Insurance FAQs

What is a deductible?

This is the total amount you must pay out-of-pocket before your insurance starts to pay. For example, if your deductible is $1,000, then your insurance won’t pay anything until you have paid $1,000 for services subject to the deductible (keep in mind that the deductible may not apply to every service you receive). Furthermore, even after you’ve met your deductible, you may still owe a copay (fixed amount) or co-insurance (percentage amount) for each visit.

What is a copay?

 

This is a fixed amount that you must pay for a covered service, as defined by your health plan. Copays usually vary for different plans and types of services. Typically, you must pay this amount at the time of service. Again, copay amounts are fixed—which means you will always pay the same amount, regardless of visit length. In most cases, copayments go toward your deductible.

 

What is a coinsurance?

 

This type of out-of-pocket payment is calculated as a percent of the total allowed amount for a particular service. In other words, it’s your share of the total cost. For example, let’s say:
-Your insurance plan’s allowed amount for an office visit is $100.
-You’ve already met your deductible.
-You’re responsible for a 20% coinsurance.

 

In this situation, you’d pay $20 at the point of service. The insurance company would then pay the rest of the “allowed” amount for that visit. Keep in mind that the coinsurance amount may vary from visit to visit depending on what services you receive.

 

What is the coinsurance for Medicare Part B?

 

Medicare Part B patients are responsible for a 20% coinsurance, which typically amounts to $11-25 per visit.

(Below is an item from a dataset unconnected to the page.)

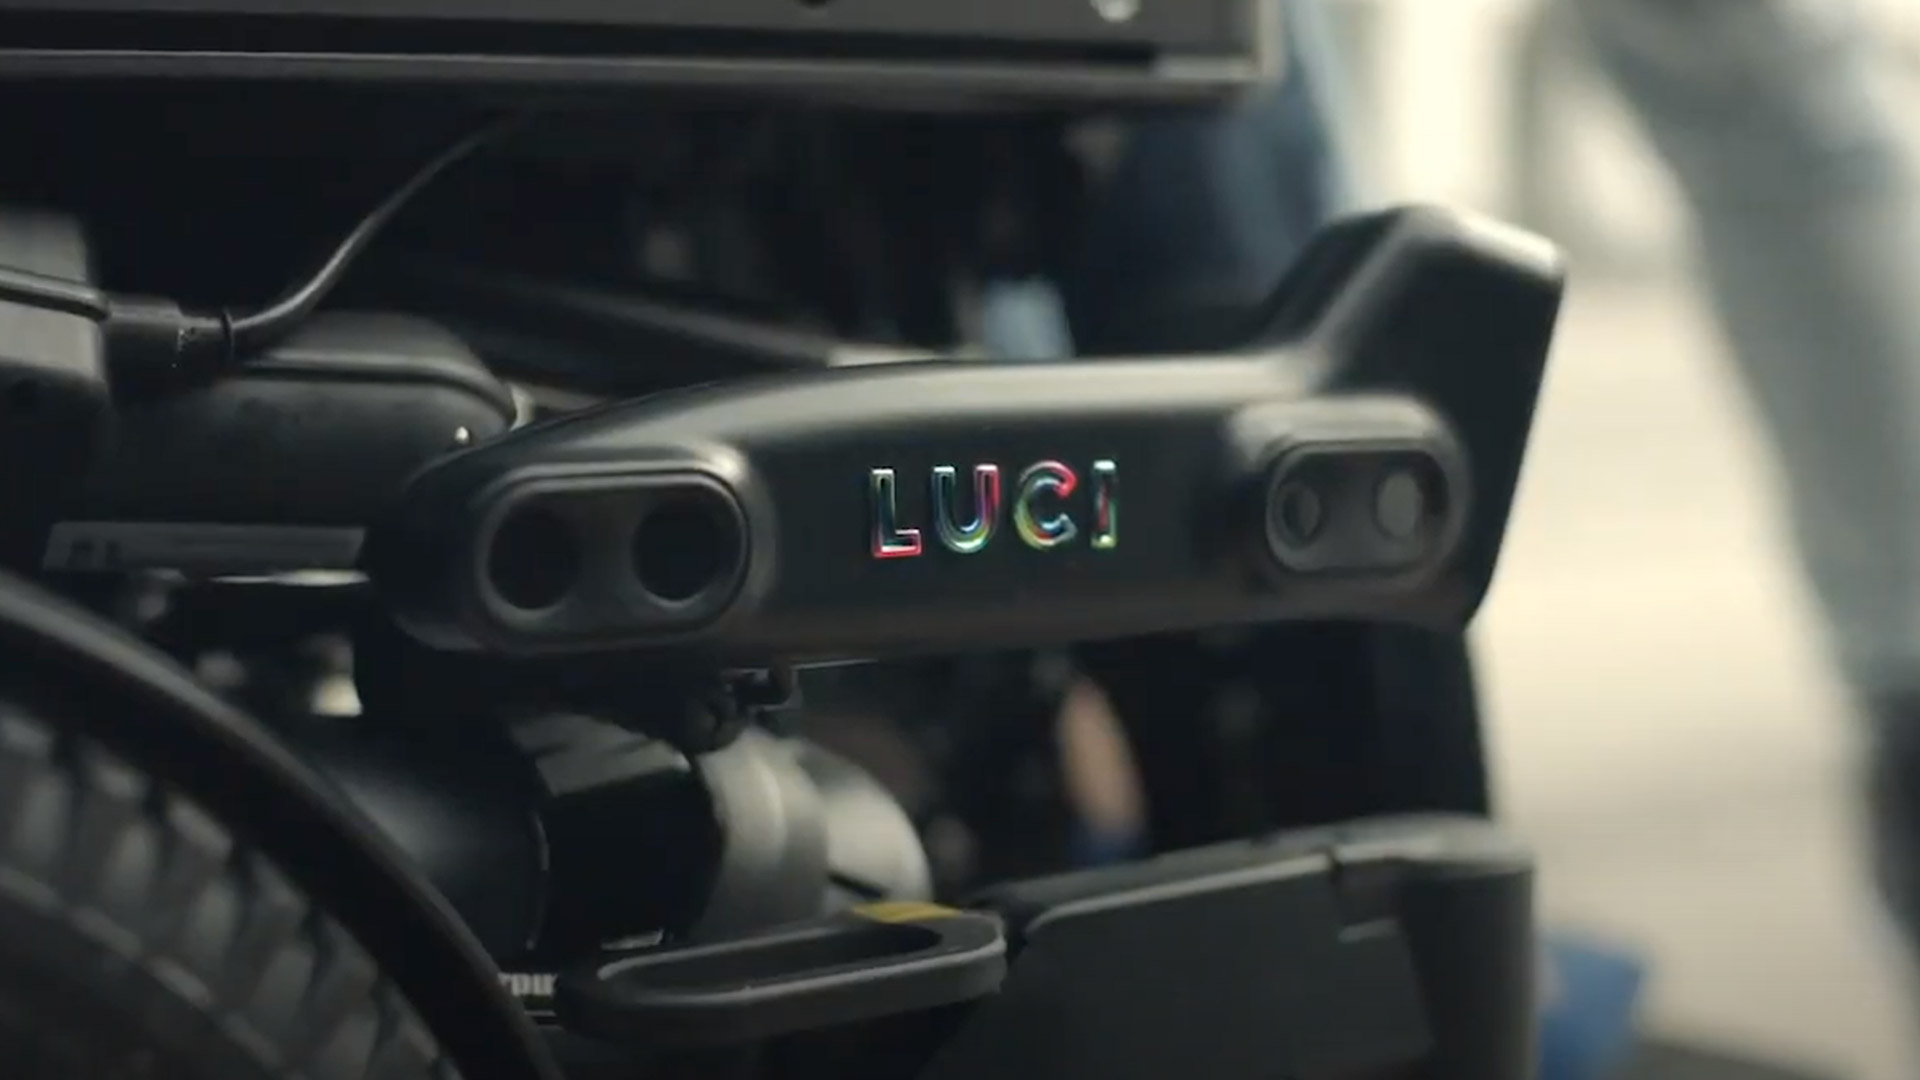 Smart mobility tech LUCI launches stateside to help powered wheelchairs “see” environments

If you have original Medicare as your primary insurance, but you also have a secondary insurance, the secondary payer becomes responsible for the 20%. In some cases, the secondary insurance also charges a copay, coinsurance, or deductible. We recommend contacting your secondary insurance carrier to find out.

 

So, how much will I owe for each visit?

 

If you have not yet met your deductible, then you will be responsible for the full cost of each visit until the deductible is met. Typically, this amount can range anywhere from $50-$135 per visit. We charge coinsurances as a dollar amount equal to the percentage of the full amount for the visit. You’ll then owe any applicable coinsurance or deductible balances after we receive the Explanation of Benefits (EOB) from your insurance company. Conversely, if we find that you have overpaid, we will refund you via check as soon as possible. As for copays—these amounts rarely vary, so if your copay for physical therapy visits is $10, you will owe $10 at each visit.

 

What if I can’t afford to pay these amounts as frequently as I need care?

 

Your health is our number-one priority. As such, we are happy to arrange a payment plan that works with your budget. That way, you can pay for your care over a timeframe that works for you. Simply ask to speak to our office/billing manager.

 

The Self-Pay Option

 

If I don’t want to use my insurance, can I just pay for services myself?
The self-pay rate for all visits at Southern Rehab and Sports Medicine is $75. If the patient chooses the self-pay option, we will not bill their insurance and the amount paid for treatments will not go toward the deductible.